When they had the report and proof of concept, they went to businesses saying they would send the report out to x amount of people in the area. Or they would have a sponsorship page in the back of the binder and start partnering with events. They will do a blog or an article featuring the sponsors. They also did offline marketing, such as postcards, co-branding, and community events.

One of the things that agents need to consider is that there are other ways other than just cash to leverage and partner. Sometimes people may need more cash, or businesses may need more money upfront, but you can do cross-promotion.

Potential ROI From Geographic Farming

A few years ago, Ryan Smith of Launch Your Farm spent $11,000. Their first listing ended up doing 17 transactions over the 15 months since the listing came. At the time, they made $235,000, money since then from spin-offs and other things. So, from $235,000, their return on investment was 21 times.

In over three years, Ryan Smith’s first coaching client made multiple six figures from his farm. His client did about 500,000 GCI doing the same thing with the report and the binder without doing community events— he focuses on getting out there and building relationships. And that also came down to choosing the right farm area, the right price point, and the consistency with that was huge.

Launch Your Farm Marketing Plan Linked With Effective Digital Marketing

If you’re staying at hyper-local, think like a local person and create your marketing around the value that would add to that community. Today, Starting with video is one of the most important aspects of digital marketing. The best way to do that and stand out is to do a community-based video; instead of just being all about you and real estate. Ryan Smith teaches agents to do local business interviews. They don’t have to be directly in your area. They may be a pool company or on the other side of town, but as long as they serve the area you’re working in, interview them.

You can also interview with an internet connection via Zoom and build an audience. And the great thing about doing something like that is that you can leverage that video in multiple ways. One, you have content for your audience if you want to create good quality content that they’ll appreciate, but it also gets you in front of that local business audience.
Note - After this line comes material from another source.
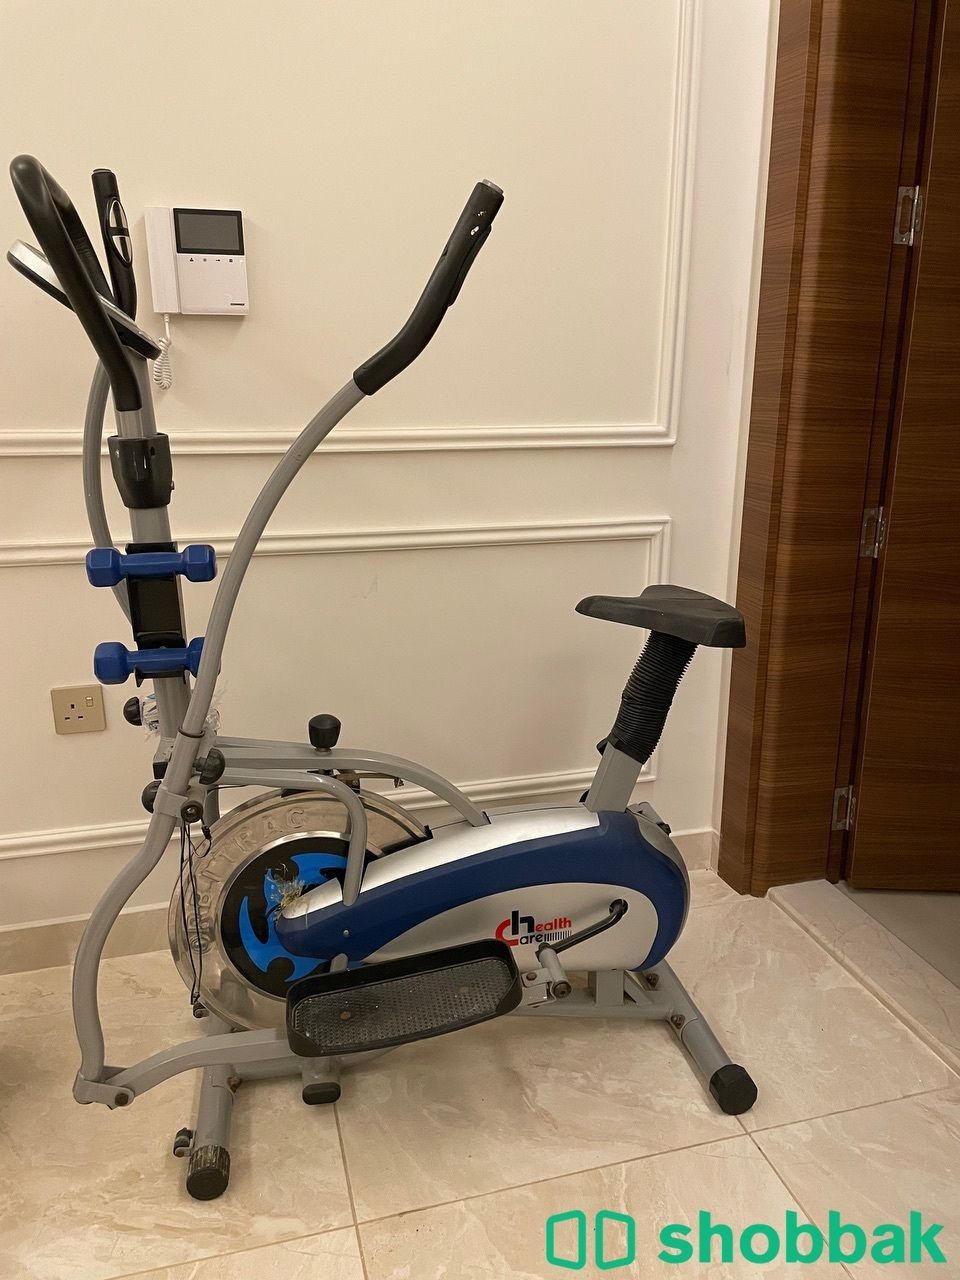 Health sports treadmill جهاز رياضة مشي  Shobbak Saudi Arabia

Leveraging Facebook groups is also the most underutilized medium, especially at the hyperlocal level. Facebook pages are more like push marketing, while Facebook groups are conversations. You could start conversations, connect with people, and build relationships you would never have in traditional marketing if you sent out postcards. Local Facebook groups have the people living in the area you’re serving, and they’re focusing on hyperlocal content. They’re hyper-aware of the local things happening in the news street by street, and you can share that message and content with them. Then you can become that digital mayor by being that ambassador and building relationships.